- Born: George Ned Grljusich 15 January 1939 Wiluna, Western Australia
- Died: 6 November 2007 (aged 68) Murdoch, Western Australia
- Spouse(s): Marlene Barbarich, Judy Grljusich
- Children: 3
- Career
- Station: 6PR (1996–2007)
- Station: 720 ABC Perth (1960–1996)

= George Grljusich =

Australian sports journalist and Australian rules footballer

George Ned Grljusich (15 January 1939 – 6 November 2007) was an Australian sports journalist, commentator and former Australian rules footballer. Born in Wiluna, Western Australia, he played 12 games of football for the South Fremantle Football Club in the Western Australian National Football League in 1960, before quitting football to pursue a media career. Grljusich later became a radio broadcaster, commentating for Perth-based radio stations 720 ABC Perth and 6PR. He died in 2007 at the age of 68, from lung cancer.

==Education==
Grljusich studied Law at the University of Western Australia, where he graduated in the same year as the future Chief Justice David Malcolm, Crown Solicitor (WA), Peter Panegyres and Governor of Western Australia, Malcolm McCusker, but decided to remain in the media rather than practice law. In 1977 Grljusich stood unsuccessfully for the state Seat of Cockburn.

==Playing career==
Grljusich made his West Australian National Football League debut for South Fremantle in 1960 on the same day as his brother Tom. While Tom went on to play over 200 matches for the Bulldogs, George quit football at the end of the 1960 season to pursue a media career. Two more of his brothers also played at WANFL league level - Don for South Fremantle and John for East Fremantle.

==Media career==
His journalistic career focused on radio sports commentary including a long running stay as the main sports announcer at 720 ABC Perth. From 1996 he worked at commercial radio station 6PR. In radio he commentated mainly on harness racing, soccer and football, as well as hosting weekly sports talkback radio, where his abrasive style often polarised his listeners.

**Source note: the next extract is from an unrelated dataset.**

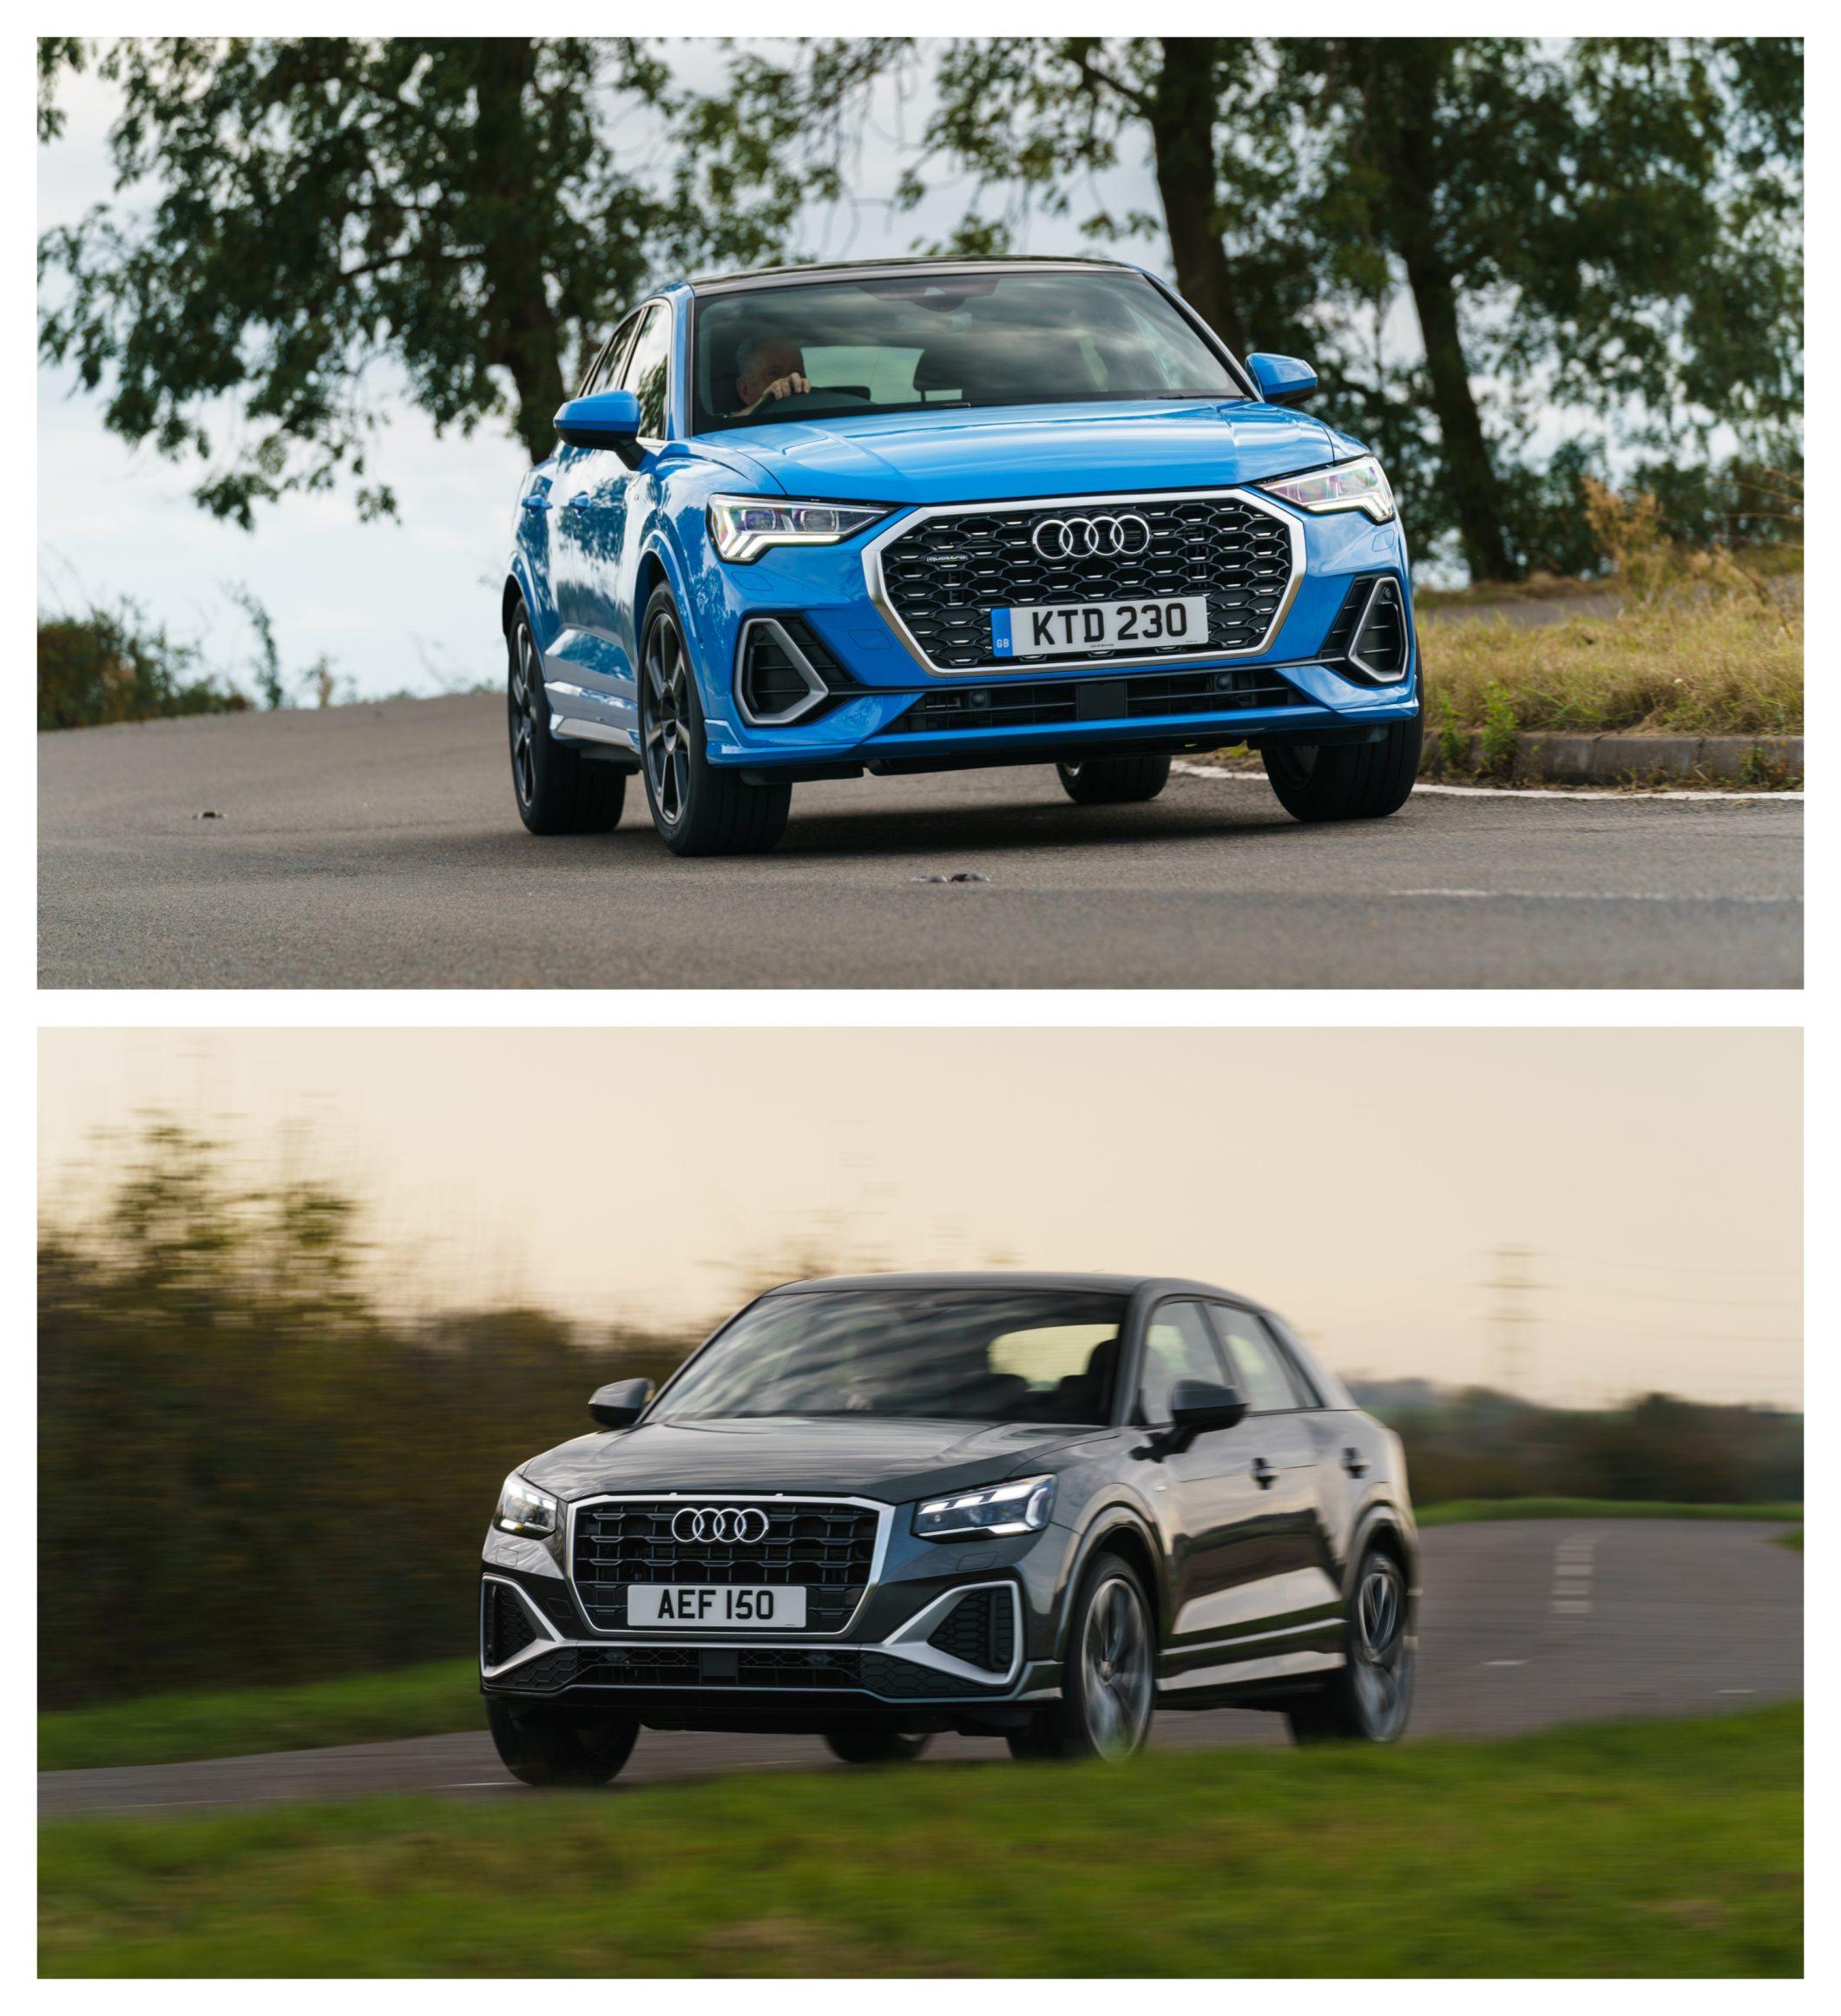 Audi Q2 Vs Audi Q3 - performance and price
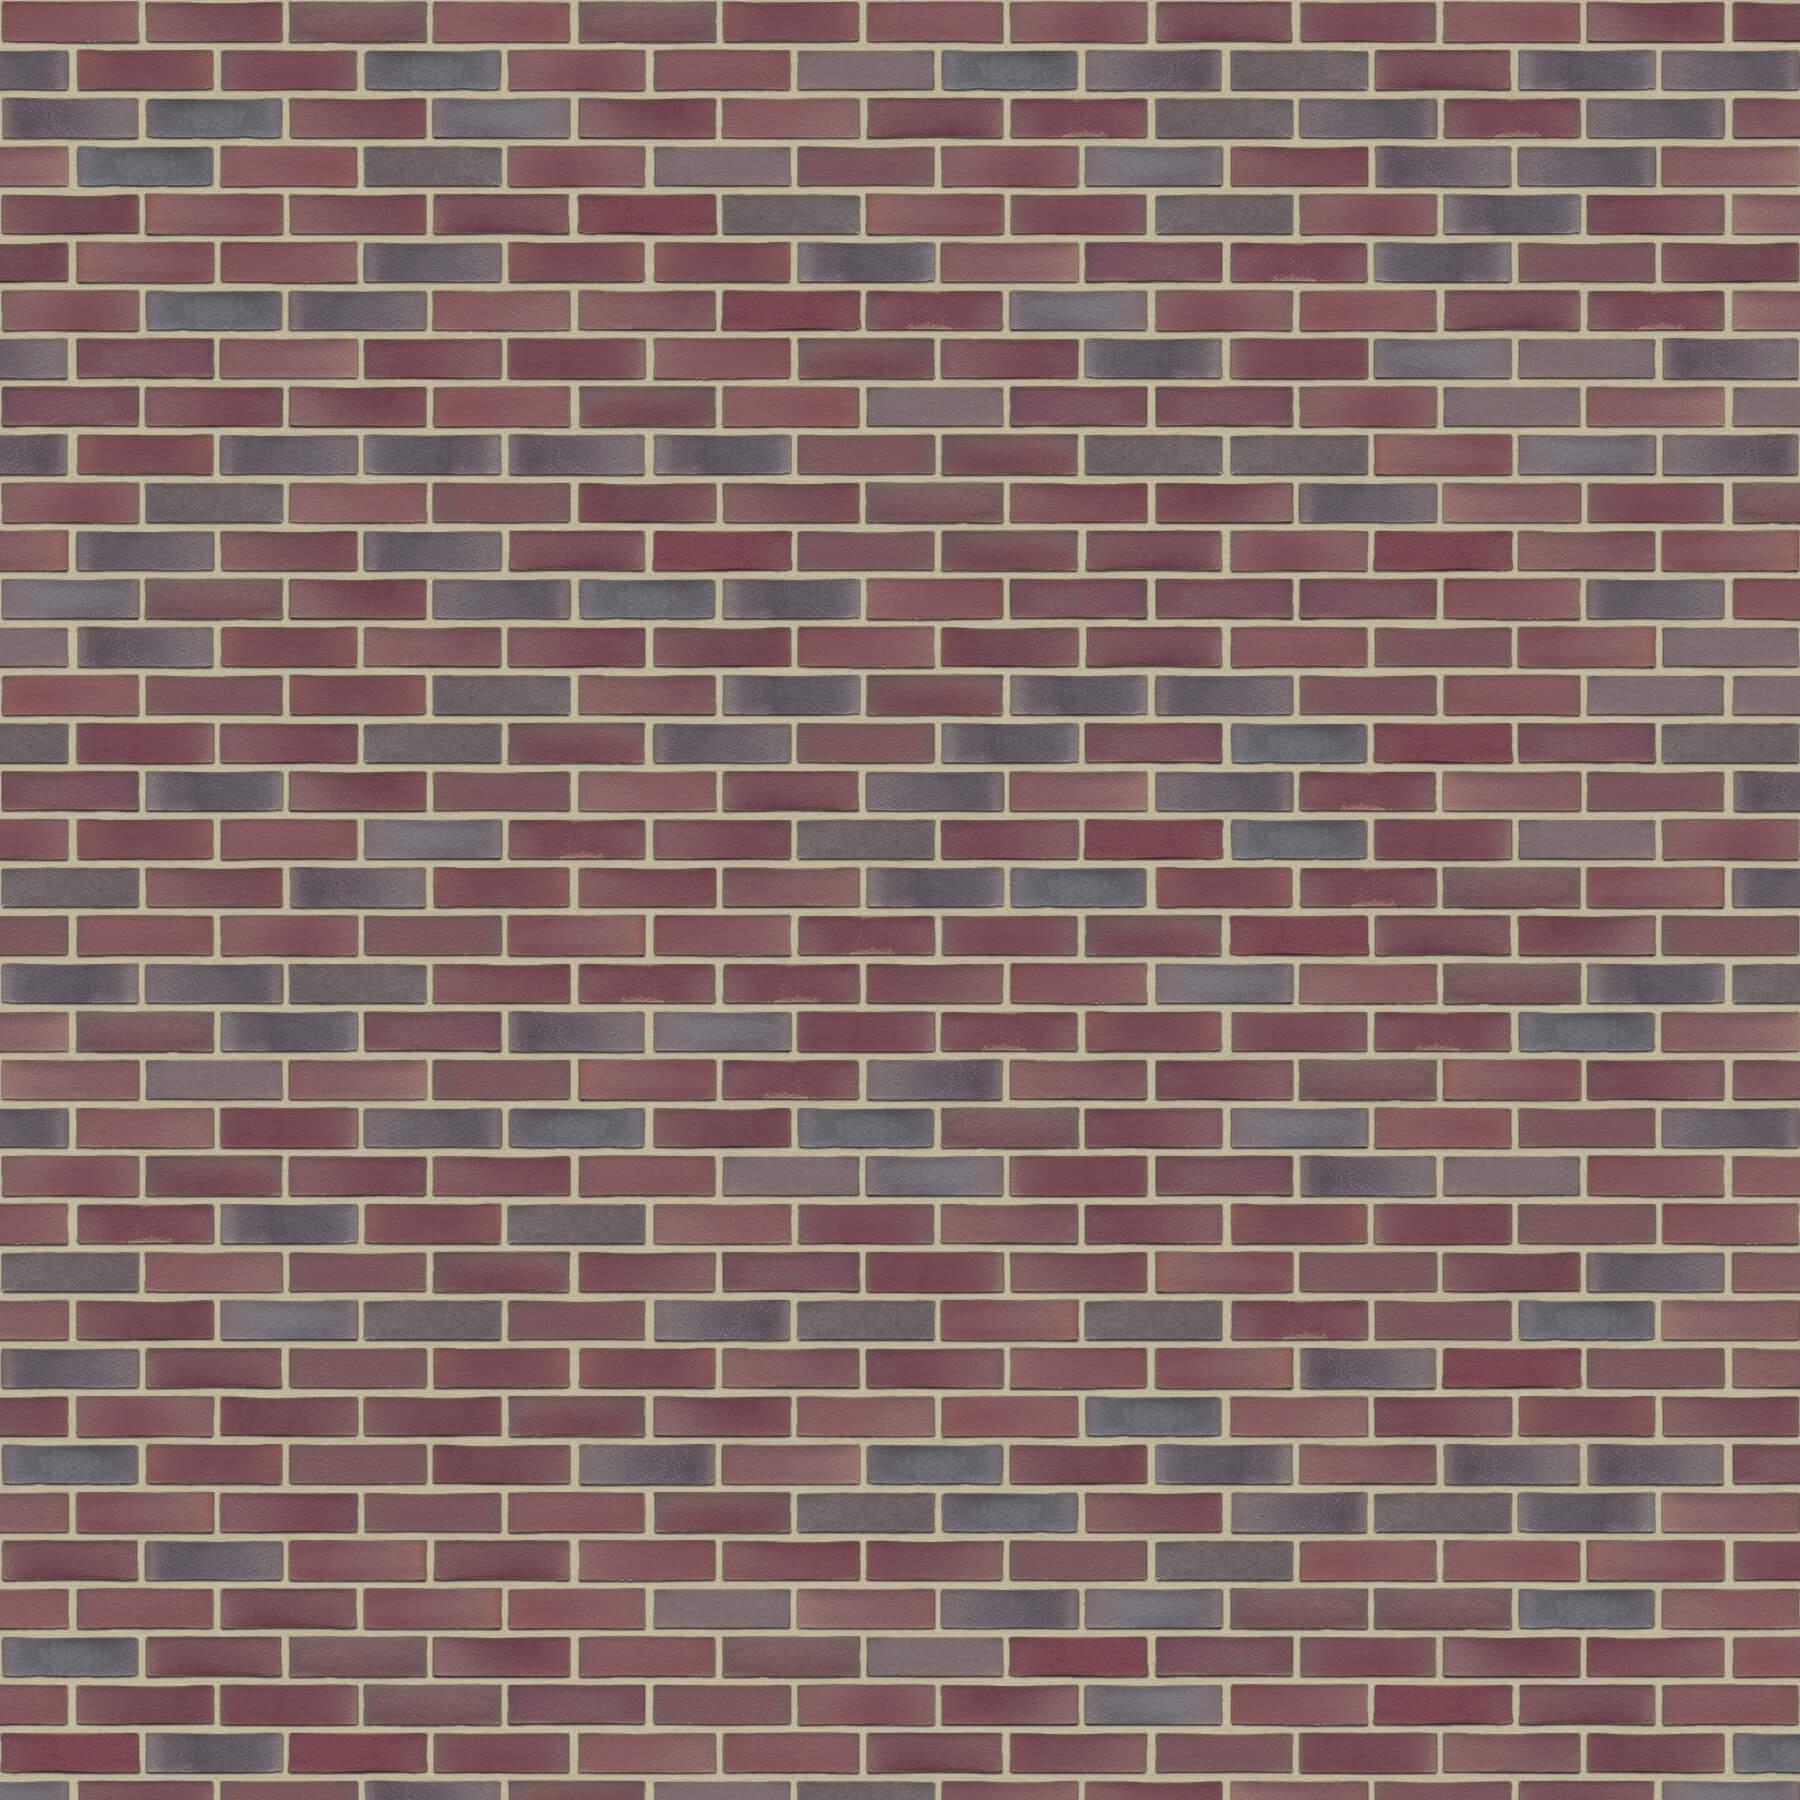 Puna-cigla-FeldHaus-Klinker-brick-ho-beograd-nf-k-380-Bez Fuga

Grljusich provided ABC coverage of six Olympic Games: 1980 at Moscow, 1984 at Los Angeles, 1988 at Seoul, 1992 at Barcelona, 1996 at Atlanta and 2000 at Sydney, as well as ten Commonwealth Games. In 2004, the media box at the Fremantle Oval was officially renamed the George Grljusich Media Box in honour of the veteran broadcaster.

In October 2007, Grljusich retired from broadcasting after being diagnosed with terminal lung cancer. He died at St John of God Hospital in Murdoch on 6 November 2007, aged 68.

In November 2007, Radio 6PR announced the establishment of The George Grljusich Sport Broadcasting Award for students of the WAAPA Broadcasting course.